> EXERCISE PROMPT: Set down the data below word for word, and leave the images aside.

> RAW DATA:
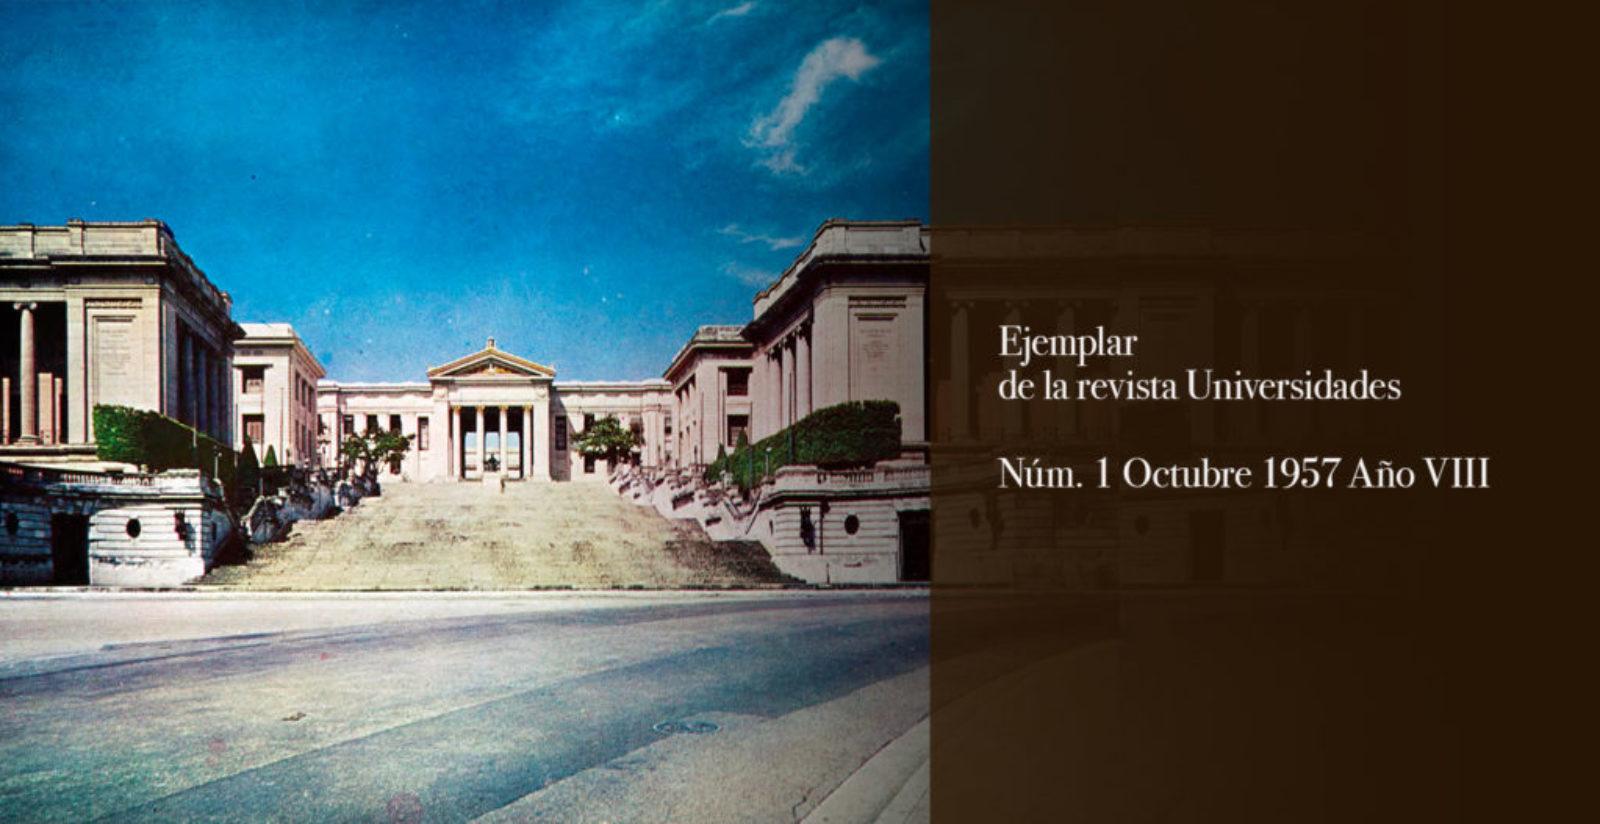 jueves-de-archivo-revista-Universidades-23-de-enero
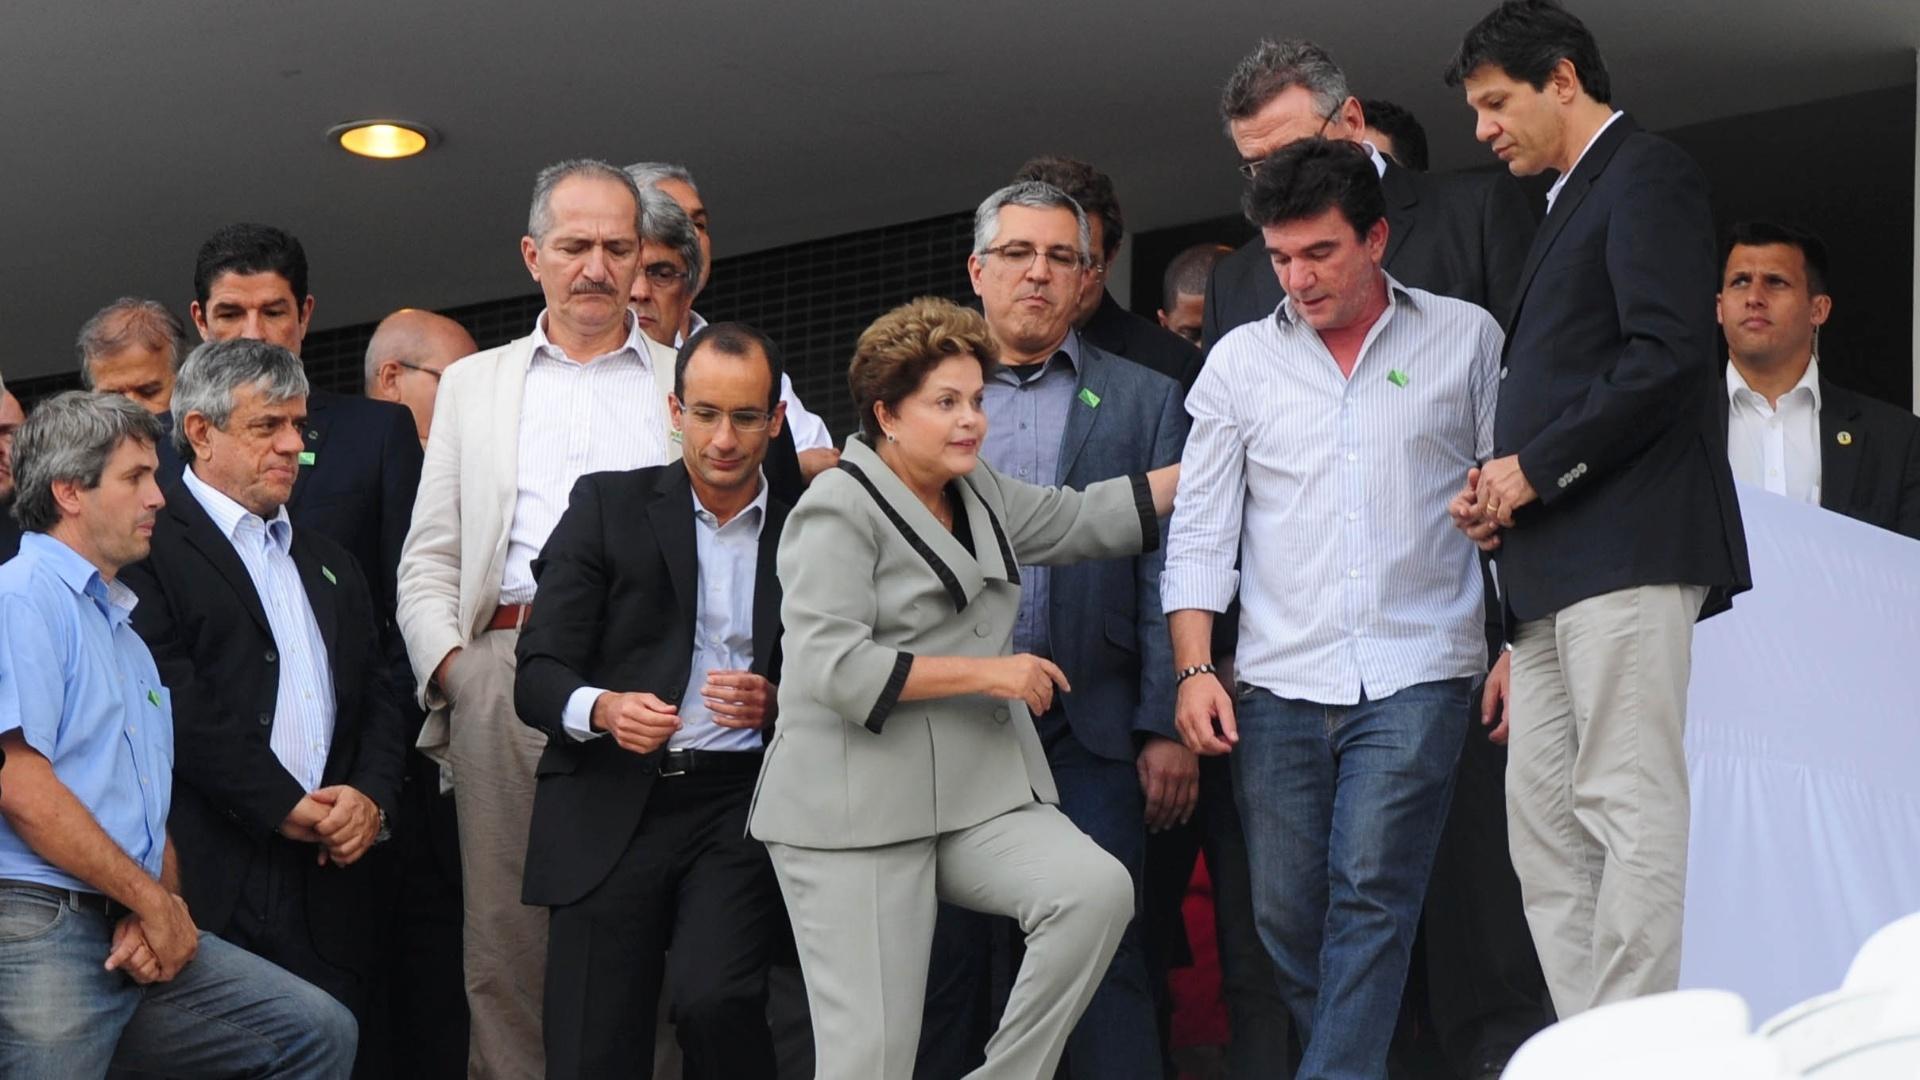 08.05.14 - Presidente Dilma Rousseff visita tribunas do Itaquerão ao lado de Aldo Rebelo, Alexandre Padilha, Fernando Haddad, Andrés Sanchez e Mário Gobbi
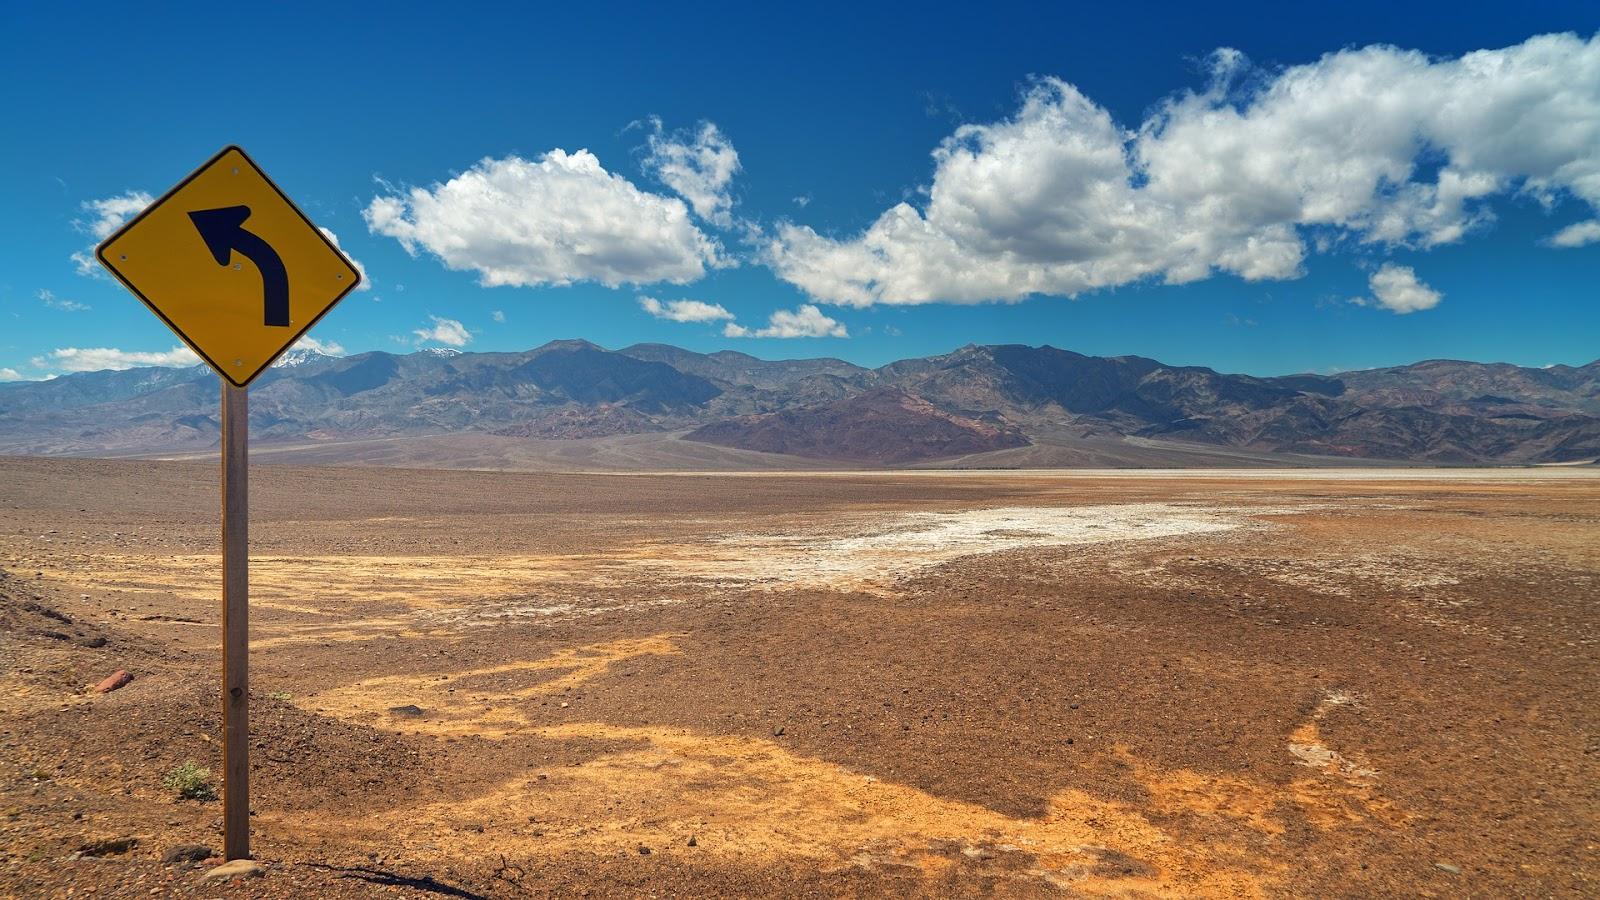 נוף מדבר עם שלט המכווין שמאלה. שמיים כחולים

> SOLUTION:
 jueves-de-archivo-revista-Universidades-23-de-enero
 08.05.14 - Presidente Dilma Rousseff visita tribunas do Itaquerão ao lado de Aldo Rebelo, Alexandre Padilha, Fernando Haddad, Andrés Sanchez e Mário Gobbi
 נוף מדבר עם שלט המכווין שמאלה. שמיים כחולים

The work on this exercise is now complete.